» **Extracted records**:
--*--

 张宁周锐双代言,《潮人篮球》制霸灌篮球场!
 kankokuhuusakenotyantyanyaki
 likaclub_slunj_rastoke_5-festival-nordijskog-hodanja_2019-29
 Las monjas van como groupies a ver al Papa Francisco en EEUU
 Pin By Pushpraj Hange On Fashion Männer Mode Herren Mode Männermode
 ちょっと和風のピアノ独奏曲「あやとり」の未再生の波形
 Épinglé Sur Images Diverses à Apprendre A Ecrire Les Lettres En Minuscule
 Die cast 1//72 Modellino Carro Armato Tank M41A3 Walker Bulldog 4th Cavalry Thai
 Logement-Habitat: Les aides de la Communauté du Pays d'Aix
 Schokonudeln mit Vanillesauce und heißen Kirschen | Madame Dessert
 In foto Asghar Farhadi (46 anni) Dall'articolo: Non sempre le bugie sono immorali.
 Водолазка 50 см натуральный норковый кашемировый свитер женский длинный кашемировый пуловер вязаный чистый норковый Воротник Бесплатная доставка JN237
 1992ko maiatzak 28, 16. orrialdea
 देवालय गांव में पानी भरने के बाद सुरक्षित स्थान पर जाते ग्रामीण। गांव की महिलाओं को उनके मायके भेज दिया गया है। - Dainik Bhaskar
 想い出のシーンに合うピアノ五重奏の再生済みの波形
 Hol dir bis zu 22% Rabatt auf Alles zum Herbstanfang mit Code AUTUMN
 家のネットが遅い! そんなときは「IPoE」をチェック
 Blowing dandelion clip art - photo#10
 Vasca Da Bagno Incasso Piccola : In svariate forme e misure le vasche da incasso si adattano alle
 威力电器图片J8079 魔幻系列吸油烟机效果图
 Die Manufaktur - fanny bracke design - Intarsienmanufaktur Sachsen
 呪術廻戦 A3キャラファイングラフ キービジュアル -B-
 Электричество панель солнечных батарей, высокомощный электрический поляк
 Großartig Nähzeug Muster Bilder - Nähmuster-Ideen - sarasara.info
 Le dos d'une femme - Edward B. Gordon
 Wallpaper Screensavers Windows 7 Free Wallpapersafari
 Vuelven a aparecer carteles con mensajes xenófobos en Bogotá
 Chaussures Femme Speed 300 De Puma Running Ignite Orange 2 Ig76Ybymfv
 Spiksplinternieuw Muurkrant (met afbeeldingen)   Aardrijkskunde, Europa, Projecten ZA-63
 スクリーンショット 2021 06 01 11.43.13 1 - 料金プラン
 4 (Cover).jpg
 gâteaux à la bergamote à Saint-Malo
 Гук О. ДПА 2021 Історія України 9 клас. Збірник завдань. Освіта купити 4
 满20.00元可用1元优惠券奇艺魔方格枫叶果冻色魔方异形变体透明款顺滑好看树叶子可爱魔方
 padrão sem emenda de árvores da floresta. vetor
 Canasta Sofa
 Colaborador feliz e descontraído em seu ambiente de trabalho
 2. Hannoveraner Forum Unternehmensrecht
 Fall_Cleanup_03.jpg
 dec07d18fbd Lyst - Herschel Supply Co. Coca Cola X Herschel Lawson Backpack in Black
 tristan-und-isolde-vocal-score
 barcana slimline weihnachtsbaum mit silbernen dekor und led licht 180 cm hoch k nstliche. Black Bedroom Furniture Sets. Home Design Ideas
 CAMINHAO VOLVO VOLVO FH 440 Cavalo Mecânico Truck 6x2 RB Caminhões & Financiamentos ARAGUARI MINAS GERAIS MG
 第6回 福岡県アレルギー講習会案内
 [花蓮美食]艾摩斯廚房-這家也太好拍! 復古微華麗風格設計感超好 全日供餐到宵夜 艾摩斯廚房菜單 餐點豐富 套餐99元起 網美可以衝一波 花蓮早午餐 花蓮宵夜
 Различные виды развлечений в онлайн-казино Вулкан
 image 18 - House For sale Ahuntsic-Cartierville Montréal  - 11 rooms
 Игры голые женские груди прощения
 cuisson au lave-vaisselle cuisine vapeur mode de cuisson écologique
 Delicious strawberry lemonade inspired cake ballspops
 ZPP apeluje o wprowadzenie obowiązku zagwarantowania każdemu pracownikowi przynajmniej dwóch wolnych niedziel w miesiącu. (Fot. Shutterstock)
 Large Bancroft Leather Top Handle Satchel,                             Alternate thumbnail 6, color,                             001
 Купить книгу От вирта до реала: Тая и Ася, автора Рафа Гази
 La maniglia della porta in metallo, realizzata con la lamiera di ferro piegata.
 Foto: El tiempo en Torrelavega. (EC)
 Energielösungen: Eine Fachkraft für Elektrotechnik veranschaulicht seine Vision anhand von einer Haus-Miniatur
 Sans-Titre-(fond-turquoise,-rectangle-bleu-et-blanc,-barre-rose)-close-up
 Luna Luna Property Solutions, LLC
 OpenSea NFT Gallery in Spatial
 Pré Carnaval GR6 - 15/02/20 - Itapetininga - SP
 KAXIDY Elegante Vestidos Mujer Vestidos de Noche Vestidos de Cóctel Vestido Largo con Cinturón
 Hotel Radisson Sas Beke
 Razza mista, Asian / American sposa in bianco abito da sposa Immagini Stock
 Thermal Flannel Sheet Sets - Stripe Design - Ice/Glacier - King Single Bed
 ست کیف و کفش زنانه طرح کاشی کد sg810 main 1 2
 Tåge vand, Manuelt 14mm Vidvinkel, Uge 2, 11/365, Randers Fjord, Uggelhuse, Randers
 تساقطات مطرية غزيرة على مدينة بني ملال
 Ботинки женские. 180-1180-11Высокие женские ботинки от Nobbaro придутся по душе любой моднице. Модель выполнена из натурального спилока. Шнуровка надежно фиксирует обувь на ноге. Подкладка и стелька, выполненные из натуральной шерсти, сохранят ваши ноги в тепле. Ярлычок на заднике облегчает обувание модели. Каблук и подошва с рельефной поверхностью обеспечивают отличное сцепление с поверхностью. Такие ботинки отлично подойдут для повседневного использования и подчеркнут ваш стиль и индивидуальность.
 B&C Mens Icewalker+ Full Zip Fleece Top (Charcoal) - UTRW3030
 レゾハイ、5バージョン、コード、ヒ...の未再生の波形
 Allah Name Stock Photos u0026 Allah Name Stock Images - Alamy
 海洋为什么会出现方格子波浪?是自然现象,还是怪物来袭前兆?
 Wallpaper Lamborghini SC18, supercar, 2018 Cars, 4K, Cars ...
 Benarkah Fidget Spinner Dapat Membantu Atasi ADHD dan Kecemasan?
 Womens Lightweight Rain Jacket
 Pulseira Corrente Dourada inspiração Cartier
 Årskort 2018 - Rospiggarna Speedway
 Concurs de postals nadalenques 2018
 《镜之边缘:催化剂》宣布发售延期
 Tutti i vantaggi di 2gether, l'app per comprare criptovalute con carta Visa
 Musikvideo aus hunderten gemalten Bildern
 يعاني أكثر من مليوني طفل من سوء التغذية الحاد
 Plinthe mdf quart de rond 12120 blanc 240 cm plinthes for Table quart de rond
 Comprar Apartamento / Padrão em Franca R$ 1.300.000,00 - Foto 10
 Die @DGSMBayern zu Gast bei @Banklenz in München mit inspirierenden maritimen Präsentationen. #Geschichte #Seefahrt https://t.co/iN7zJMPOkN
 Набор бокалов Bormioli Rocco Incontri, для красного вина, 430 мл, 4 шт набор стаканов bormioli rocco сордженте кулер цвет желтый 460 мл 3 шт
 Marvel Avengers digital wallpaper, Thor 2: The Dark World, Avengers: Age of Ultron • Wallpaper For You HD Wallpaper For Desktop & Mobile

--*--

» **WHAT YOU WILL DO**:
Each line above needs to be output again, exactly as shown.

» **TASK ANSWER**:
 张宁周锐双代言,《潮人篮球》制霸灌篮球场!
 kankokuhuusakenotyantyanyaki
 likaclub_slunj_rastoke_5-festival-nordijskog-hodanja_2019-29
 Las monjas van como groupies a ver al Papa Francisco en EEUU
 Pin By Pushpraj Hange On Fashion Männer Mode Herren Mode Männermode
 ちょっと和風のピアノ独奏曲「あやとり」の未再生の波形
 Épinglé Sur Images Diverses à Apprendre A Ecrire Les Lettres En Minuscule
 Die cast 1//72 Modellino Carro Armato Tank M41A3 Walker Bulldog 4th Cavalry Thai
 Logement-Habitat: Les aides de la Communauté du Pays d'Aix
 Schokonudeln mit Vanillesauce und heißen Kirschen | Madame Dessert
 In foto Asghar Farhadi (46 anni) Dall'articolo: Non sempre le bugie sono immorali.
 Водолазка 50 см натуральный норковый кашемировый свитер женский длинный кашемировый пуловер вязаный чистый норковый Воротник Бесплатная доставка JN237
 1992ko maiatzak 28, 16. orrialdea
 देवालय गांव में पानी भरने के बाद सुरक्षित स्थान पर जाते ग्रामीण। गांव की महिलाओं को उनके मायके भेज दिया गया है। - Dainik Bhaskar
 想い出のシーンに合うピアノ五重奏の再生済みの波形
 Hol dir bis zu 22% Rabatt auf Alles zum Herbstanfang mit Code AUTUMN
 家のネットが遅い! そんなときは「IPoE」をチェック
 Blowing dandelion clip art - photo#10
 Vasca Da Bagno Incasso Piccola : In svariate forme e misure le vasche da incasso si adattano alle
 威力电器图片J8079 魔幻系列吸油烟机效果图
 Die Manufaktur - fanny bracke design - Intarsienmanufaktur Sachsen
 呪術廻戦 A3キャラファイングラフ キービジュアル -B-
 Электричество панель солнечных батарей, высокомощный электрический поляк
 Großartig Nähzeug Muster Bilder - Nähmuster-Ideen - sarasara.info
 Le dos d'une femme - Edward B. Gordon
 Wallpaper Screensavers Windows 7 Free Wallpapersafari
 Vuelven a aparecer carteles con mensajes xenófobos en Bogotá
 Chaussures Femme Speed 300 De Puma Running Ignite Orange 2 Ig76Ybymfv
 Spiksplinternieuw Muurkrant (met afbeeldingen)   Aardrijkskunde, Europa, Projecten ZA-63
 スクリーンショット 2021 06 01 11.43.13 1 - 料金プラン
 4 (Cover).jpg
 gâteaux à la bergamote à Saint-Malo
 Гук О. ДПА 2021 Історія України 9 клас. Збірник завдань. Освіта купити 4
 满20.00元可用1元优惠券奇艺魔方格枫叶果冻色魔方异形变体透明款顺滑好看树叶子可爱魔方
 padrão sem emenda de árvores da floresta. vetor
 Canasta Sofa
 Colaborador feliz e descontraído em seu ambiente de trabalho
 2. Hannoveraner Forum Unternehmensrecht
 Fall_Cleanup_03.jpg
 dec07d18fbd Lyst - Herschel Supply Co. Coca Cola X Herschel Lawson Backpack in Black
 tristan-und-isolde-vocal-score
 barcana slimline weihnachtsbaum mit silbernen dekor und led licht 180 cm hoch k nstliche. Black Bedroom Furniture Sets. Home Design Ideas
 CAMINHAO VOLVO VOLVO FH 440 Cavalo Mecânico Truck 6x2 RB Caminhões & Financiamentos ARAGUARI MINAS GERAIS MG
 第6回 福岡県アレルギー講習会案内
 [花蓮美食]艾摩斯廚房-這家也太好拍! 復古微華麗風格設計感超好 全日供餐到宵夜 艾摩斯廚房菜單 餐點豐富 套餐99元起 網美可以衝一波 花蓮早午餐 花蓮宵夜
 Различные виды развлечений в онлайн-казино Вулкан
 image 18 - House For sale Ahuntsic-Cartierville Montréal  - 11 rooms
 Игры голые женские груди прощения
 cuisson au lave-vaisselle cuisine vapeur mode de cuisson écologique
 Delicious strawberry lemonade inspired cake ballspops
 ZPP apeluje o wprowadzenie obowiązku zagwarantowania każdemu pracownikowi przynajmniej dwóch wolnych niedziel w miesiącu. (Fot. Shutterstock)
 Large Bancroft Leather Top Handle Satchel,                             Alternate thumbnail 6, color,                             001
 Купить книгу От вирта до реала: Тая и Ася, автора Рафа Гази
 La maniglia della porta in metallo, realizzata con la lamiera di ferro piegata.
 Foto: El tiempo en Torrelavega. (EC)
 Energielösungen: Eine Fachkraft für Elektrotechnik veranschaulicht seine Vision anhand von einer Haus-Miniatur
 Sans-Titre-(fond-turquoise,-rectangle-bleu-et-blanc,-barre-rose)-close-up
 Luna Luna Property Solutions, LLC
 OpenSea NFT Gallery in Spatial
 Pré Carnaval GR6 - 15/02/20 - Itapetininga - SP
 KAXIDY Elegante Vestidos Mujer Vestidos de Noche Vestidos de Cóctel Vestido Largo con Cinturón
 Hotel Radisson Sas Beke
 Razza mista, Asian / American sposa in bianco abito da sposa Immagini Stock
 Thermal Flannel Sheet Sets - Stripe Design - Ice/Glacier - King Single Bed
 ست کیف و کفش زنانه طرح کاشی کد sg810 main 1 2
 Tåge vand, Manuelt 14mm Vidvinkel, Uge 2, 11/365, Randers Fjord, Uggelhuse, Randers
 تساقطات مطرية غزيرة على مدينة بني ملال
 Ботинки женские. 180-1180-11Высокие женские ботинки от Nobbaro придутся по душе любой моднице. Модель выполнена из натурального спилока. Шнуровка надежно фиксирует обувь на ноге. Подкладка и стелька, выполненные из натуральной шерсти, сохранят ваши ноги в тепле. Ярлычок на заднике облегчает обувание модели. Каблук и подошва с рельефной поверхностью обеспечивают отличное сцепление с поверхностью. Такие ботинки отлично подойдут для повседневного использования и подчеркнут ваш стиль и индивидуальность.
 B&C Mens Icewalker+ Full Zip Fleece Top (Charcoal) - UTRW3030
 レゾハイ、5バージョン、コード、ヒ...の未再生の波形
 Allah Name Stock Photos u0026 Allah Name Stock Images - Alamy
 海洋为什么会出现方格子波浪?是自然现象,还是怪物来袭前兆?
 Wallpaper Lamborghini SC18, supercar, 2018 Cars, 4K, Cars ...
 Benarkah Fidget Spinner Dapat Membantu Atasi ADHD dan Kecemasan?
 Womens Lightweight Rain Jacket
 Pulseira Corrente Dourada inspiração Cartier
 Årskort 2018 - Rospiggarna Speedway
 Concurs de postals nadalenques 2018
 《镜之边缘:催化剂》宣布发售延期
 Tutti i vantaggi di 2gether, l'app per comprare criptovalute con carta Visa
 Musikvideo aus hunderten gemalten Bildern
 يعاني أكثر من مليوني طفل من سوء التغذية الحاد
 Plinthe mdf quart de rond 12120 blanc 240 cm plinthes for Table quart de rond
 Comprar Apartamento / Padrão em Franca R$ 1.300.000,00 - Foto 10
 Die @DGSMBayern zu Gast bei @Banklenz in München mit inspirierenden maritimen Präsentationen. #Geschichte #Seefahrt https://t.co/iN7zJMPOkN
 Набор бокалов Bormioli Rocco Incontri, для красного вина, 430 мл, 4 шт набор стаканов bormioli rocco сордженте кулер цвет желтый 460 мл 3 шт
 Marvel Avengers digital wallpaper, Thor 2: The Dark World, Avengers: Age of Ultron • Wallpaper For You HD Wallpaper For Desktop & Mobile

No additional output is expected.